### DIRECTIONS FOR THIS TASK
For each line of the listing below that contains the string "Black", copy the line.

### ENTRIES PROVIDED
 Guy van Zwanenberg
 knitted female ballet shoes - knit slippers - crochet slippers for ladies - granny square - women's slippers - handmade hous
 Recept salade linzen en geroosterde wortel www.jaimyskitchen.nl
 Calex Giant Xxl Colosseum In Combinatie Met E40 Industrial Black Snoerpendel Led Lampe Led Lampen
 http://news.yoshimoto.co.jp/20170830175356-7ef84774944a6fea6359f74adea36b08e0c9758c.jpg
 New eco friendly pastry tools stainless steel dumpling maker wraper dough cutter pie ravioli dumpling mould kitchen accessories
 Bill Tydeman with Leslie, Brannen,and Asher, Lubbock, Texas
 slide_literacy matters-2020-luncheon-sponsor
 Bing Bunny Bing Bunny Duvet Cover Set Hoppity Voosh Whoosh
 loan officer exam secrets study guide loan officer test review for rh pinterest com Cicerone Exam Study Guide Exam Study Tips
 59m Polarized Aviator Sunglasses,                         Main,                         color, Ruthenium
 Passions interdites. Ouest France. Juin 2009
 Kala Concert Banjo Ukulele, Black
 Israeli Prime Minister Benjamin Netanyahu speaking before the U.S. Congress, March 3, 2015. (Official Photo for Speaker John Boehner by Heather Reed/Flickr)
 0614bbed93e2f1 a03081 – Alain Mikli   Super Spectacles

### SOLUTION FOR THIS EXERCISE
 Calex Giant Xxl Colosseum In Combinatie Met E40 Industrial Black Snoerpendel Led Lampe Led Lampen
 Kala Concert Banjo Ukulele, Black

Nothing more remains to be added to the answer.